Still, even if everyone’s already venting their well-justified anger over it, I’d nonetheless like to throw in my own two cents on the matter, because most of the complaints about this game come back to a certain few glaring errors (which, don’t get me wrong, are irredeemably bad), and Fallout 76, in my opinion, is just so much more of a complete blunder than just these particular egregious errors. On every level, Fallout 76 is a failure.

Let’s start with the first and most important matter: Fallout 76 is a failure as a Fallout game.

Fallout is characterized by many qualities, and it can’t truly be Fallout without any of them, but at its heart, this is a series which explores, analyzes, criticizes, and lauds the culture and history of the United States, and through that, humanity itself. From its 1950s aesthetics to its old-timey musical focus, from its major stories that grapple with the USA’s foreign policy and imperialism and history of prejudice and constant struggle to find leaders who put the will of the people over their own desires and toxic capitalism and the inability of the human species to learn from its mistakes, to its subplots of baseball and comic book characters and scientologists and aliens and casinos, from its incorporation of distinctly American landmarks and products and accents to its incorporation of countless references of USA-familiar people and media for the sake of quick jokes, Fallout has made it clear from the start that it exists to be a lens through which we can view ourselves as a country, for the sake of understanding who we are and how we came to be us, of good-naturedly laughing at ourselves, of uncomfortably seeing our shameful acts, mindset, and history exposed, and of taking pride in the many traits that make us uniquely great. To both joyously celebrate and harshly critique the United States of America is to be Fallout.

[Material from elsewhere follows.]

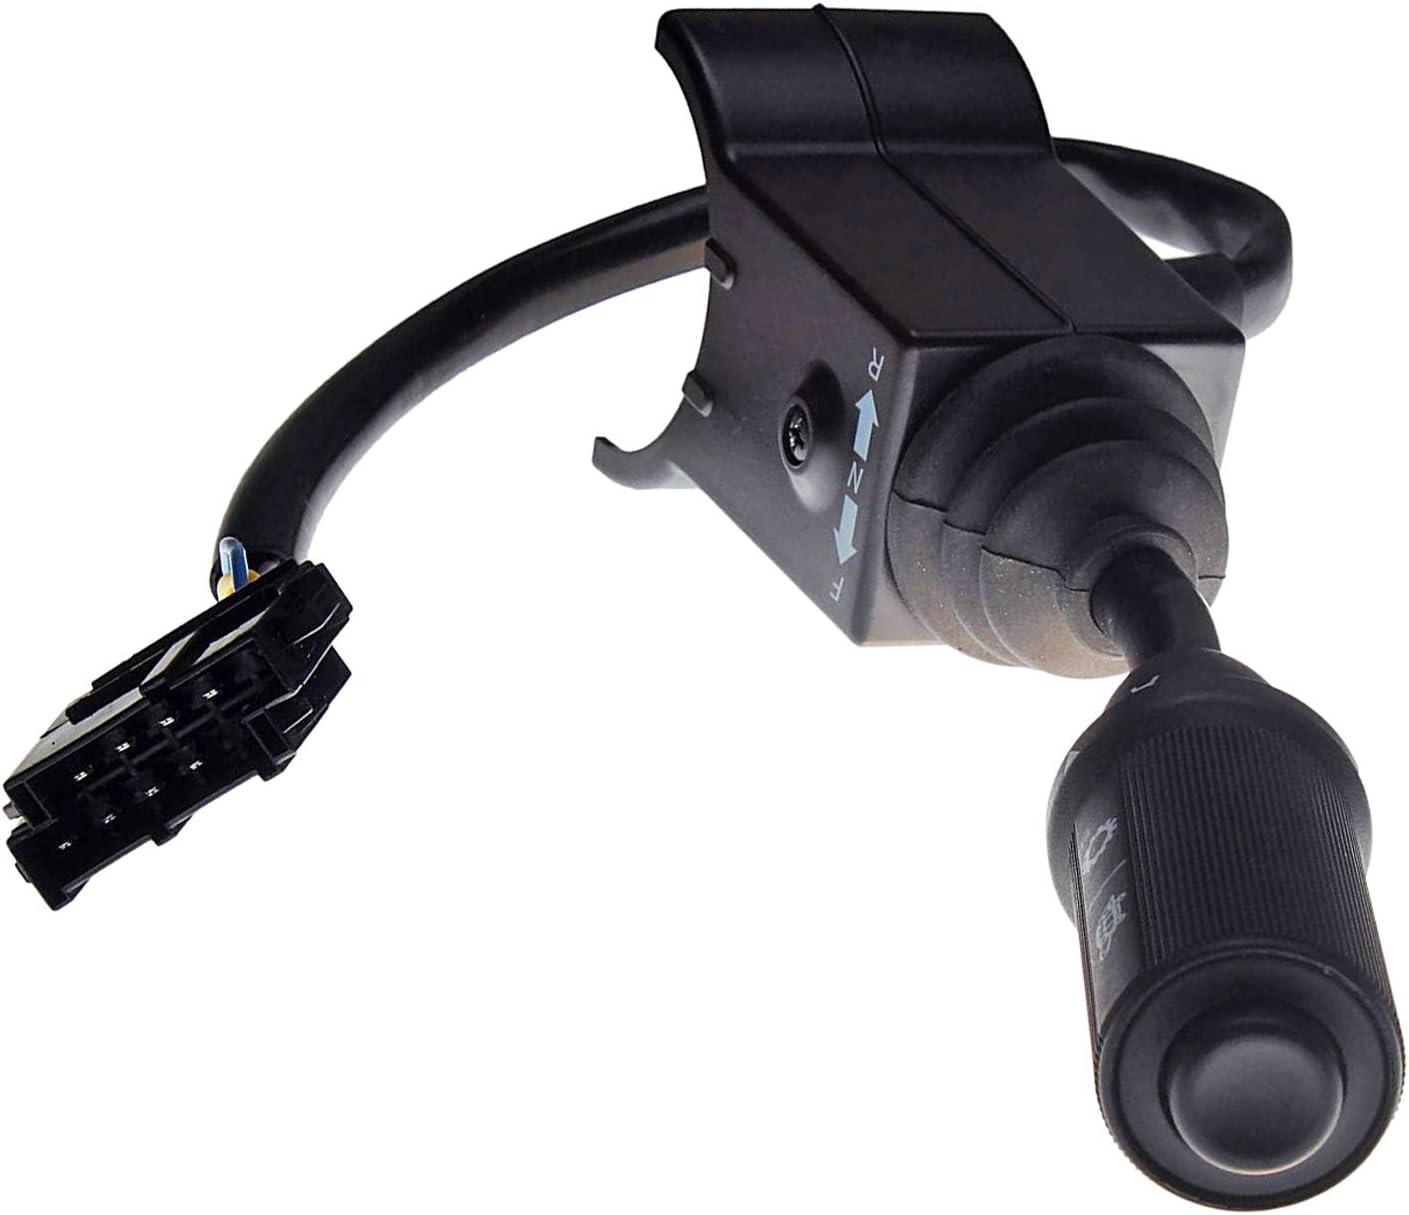 Mover Parts cheap Switch Control Spasm price VOE11039409 for Volvo L120C L90C L70C
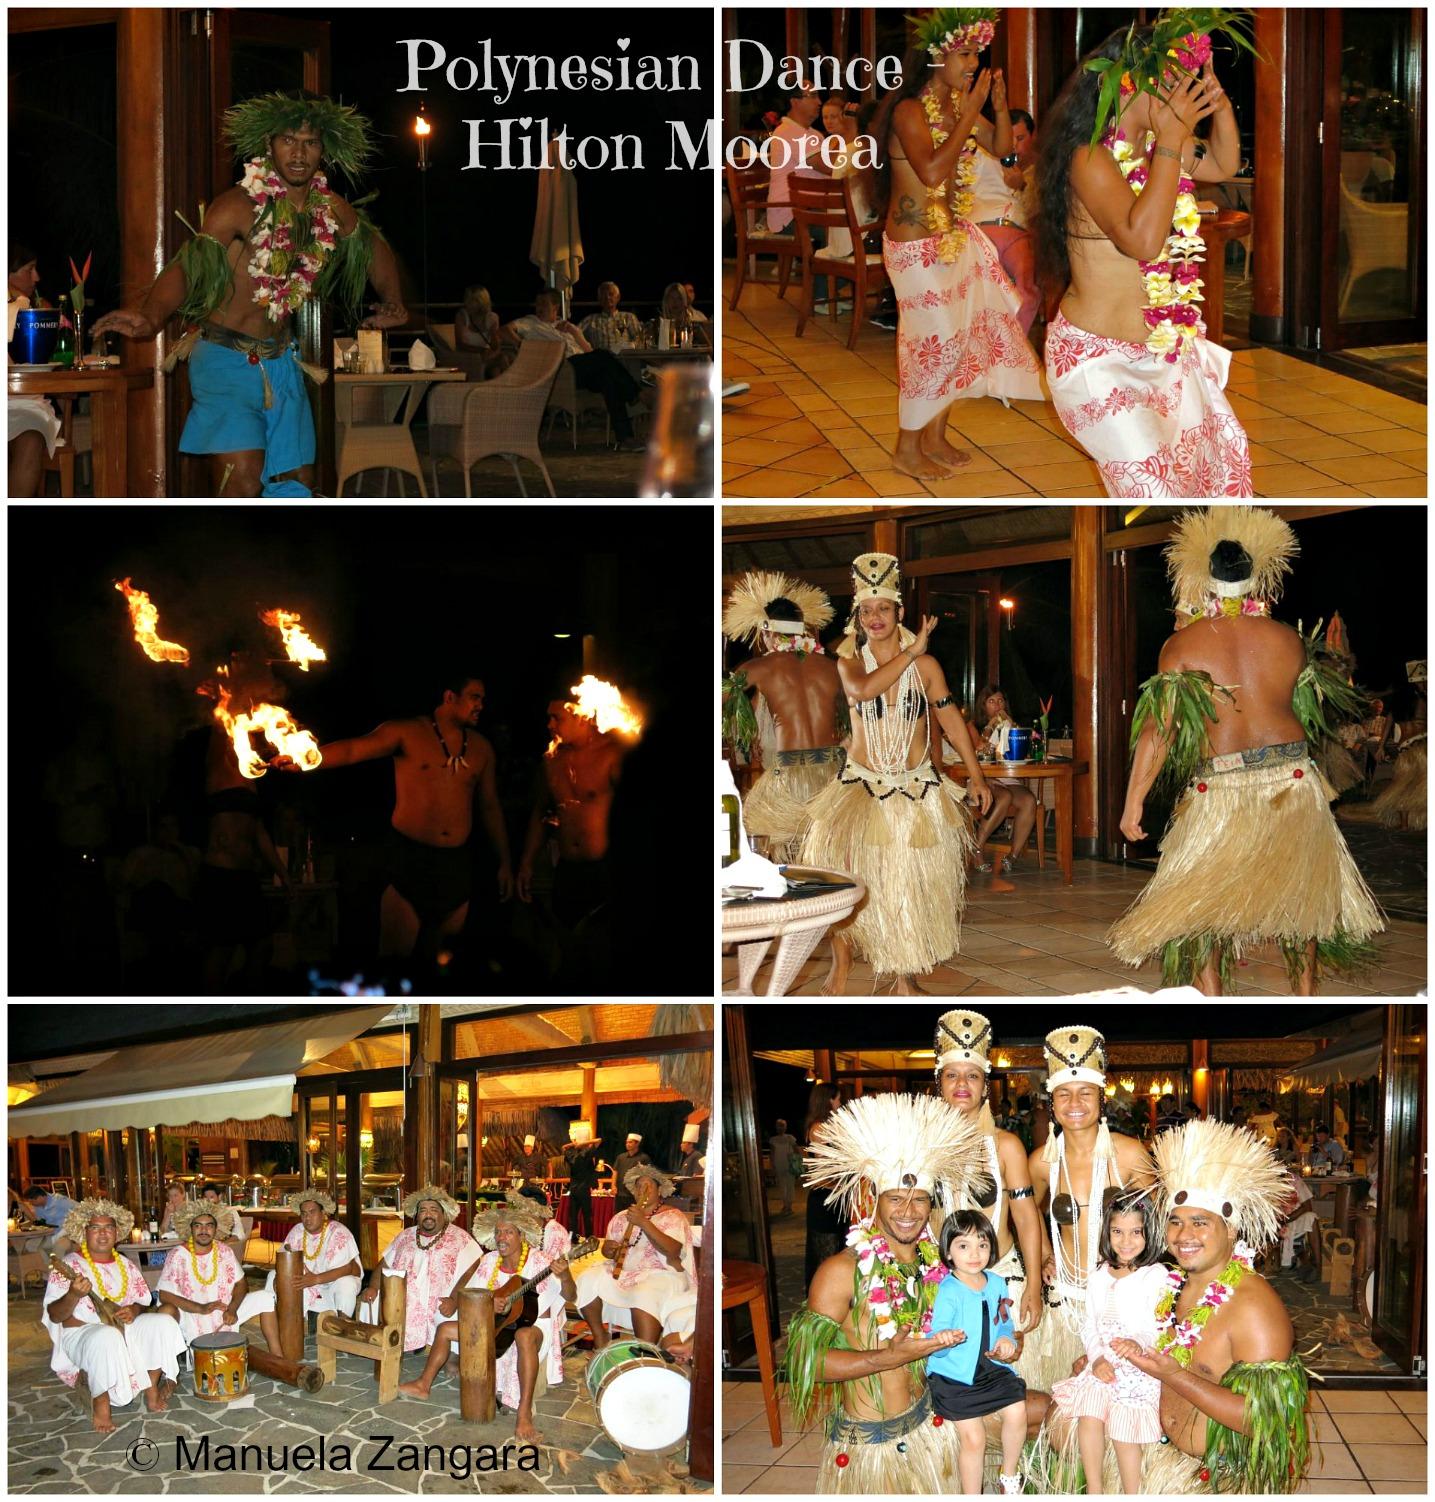 Polynesian Dance 1

Fallout 76 does not do this.

Oh, to be sure, it goes through the motions. There are West Virginia landmarks to be found. A bare few of them even are more of the local kind of landmark than stuff that’d be more well-known on a national level. The main music is...uh...well, it ain’t old-timey like it really ought to be, as a 70s song, but then, plenty of the songs appropriated for the series before have been from the 60s, so I guess it’s fine, and it certainly fits.* Some of the holotape stories left behind incorporate professions and accents and other human elements recognizably connected to the region.

But that’s all they are: motions. They have no more life or purpose than the after-death twitches of an ant after someone steps on it. What is the meaning? What are these locations and ideas supposed to convey to us about the American state, mentality, method, anything? What does any of this stuff say about us? For that matter, what does any of it say about West Virginia itself, its people, its history, its culture, etc? These references and locations and recorded diaries, none of them are put to any USE, they don’t analyze or celebrate or criticize anything! There is no thought or message behind any of it, and for that, 76 is more like a molt of Fallout than the actual beast.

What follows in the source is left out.